Search code examples
mathfloating-pointieee-754

What is theoretically the smallest floating point format possible?


Assuming you are considering IEEE-754 format for floating point numbers for things like single and double precision, what is the smallest floating point format you could possibly have?

I know there are half-floats, and miniflooats, but how small still makes sense? I know the applications might not be there to make the format great for any practical use however.

I'm trying to determine what is the smallest mantissa bitwidth you could have and smallest exponent width?

For instance, does it make sense to have a mantissa that is in X.X format (assuming single precision would be represented as X.XXXXXXXXXXXXXXXXXXXXXXX)? Also, does it make sense to have an exponent with width 1?

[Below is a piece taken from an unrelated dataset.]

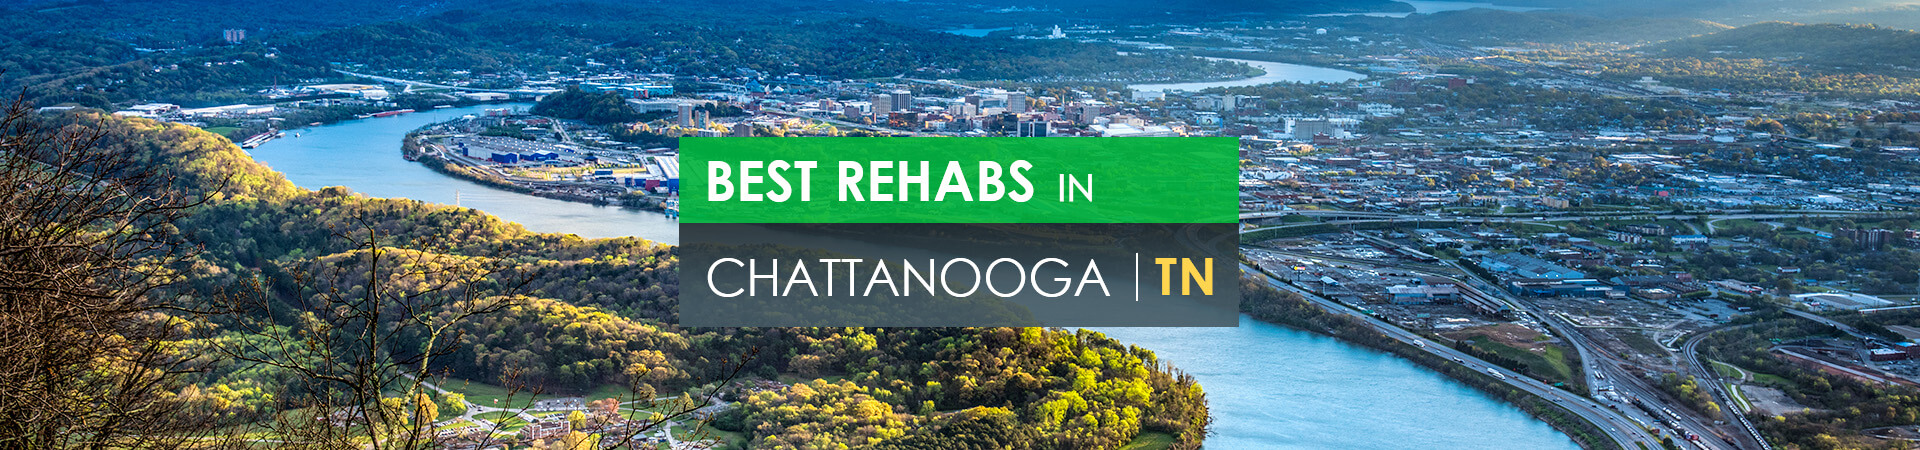 Best rehabs in Chattanooga, TN
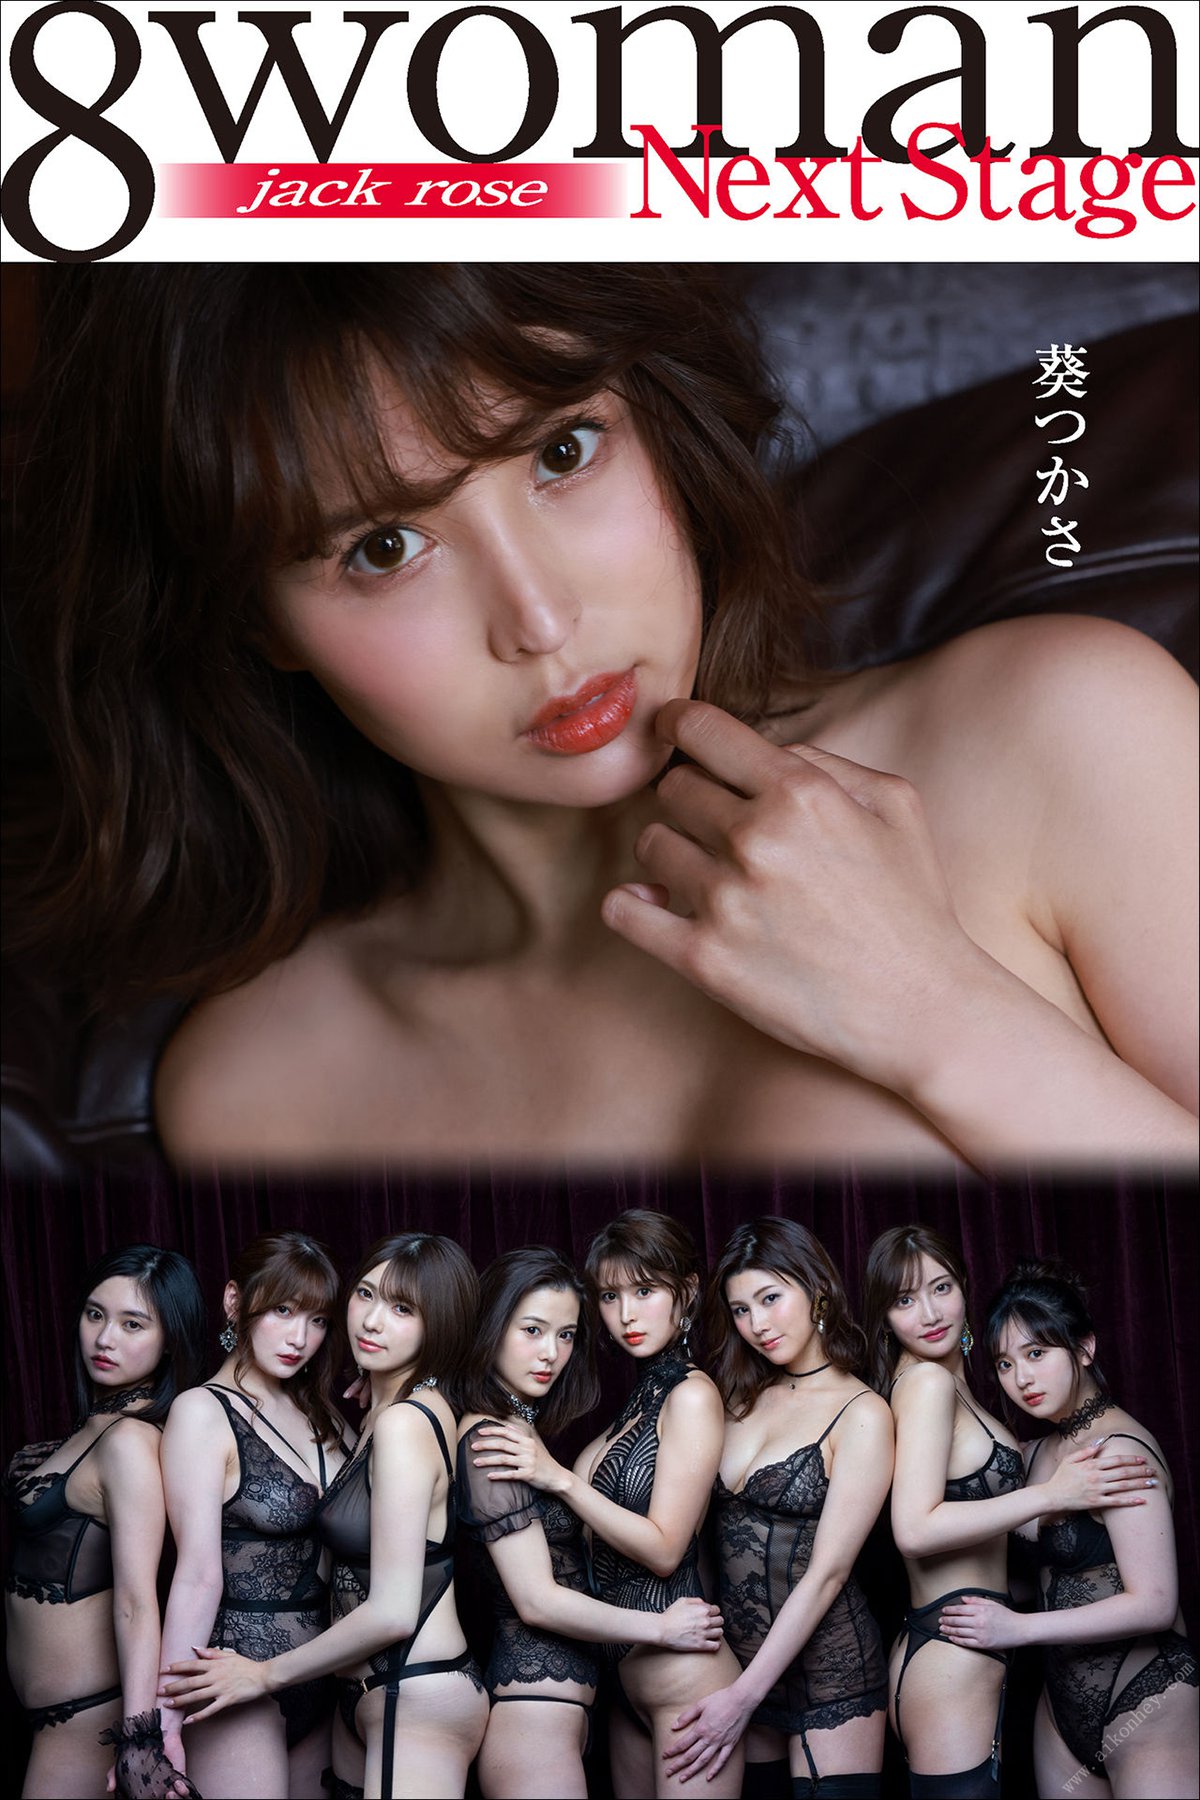 Photobook Tsukasa Aoi 葵つかさ – 8woman Next Stage jack rose 2022-08-19

As an example of what I'm thinking:

If you had X.X format, and no exponent, then your only possible numbers are +/- {1.0,1.1}, but is there something fundamental about floating point numbers or format that makes these impossible to consider?


Solution

  • I have occasionally used a four-bit FP format: 2 exponent bits and 1 significand bits. This gives you the following set of values:

    encoding    value
      x000     +/-0.0
      x001     +/-0.5
      x010     +/-1.0
      x011     +/-1.5
      x100     +/-2.0
      x101     +/-3.0
      x110     +/-Inf
      x111        NaN
    

    Obviously, you can't do much useful computation with this format, but it's useful for teaching because it's the smallest format that gives you all of the interesting edge cases (no signaling NaN, though, if you care about that, unless you want to make "-NaN" signaling).

    In some sense, this is the "smallest" floating-point format that isn't totally degenerate, but you'd still never use it because it's worse in basically every way than a 4-bit signed fixed-point format with one fractional bit. The smallest floating-point format that really passes this test in a general setting is half precision (though there are some niche uses for 8b formats).

    The three-bit format with no significand bits almost works; it gives you +/-0, +/-1, +/-2, and +/-Inf, but there's no NaN encoding available if you follow the usual IEEE-754 encoding rules. It would be nicer to use b010 for Inf and b011 for NaN, but then no rounding ever occurs in arithmetic (except for 1 + 1 overflowing), which isn't very useful for teaching.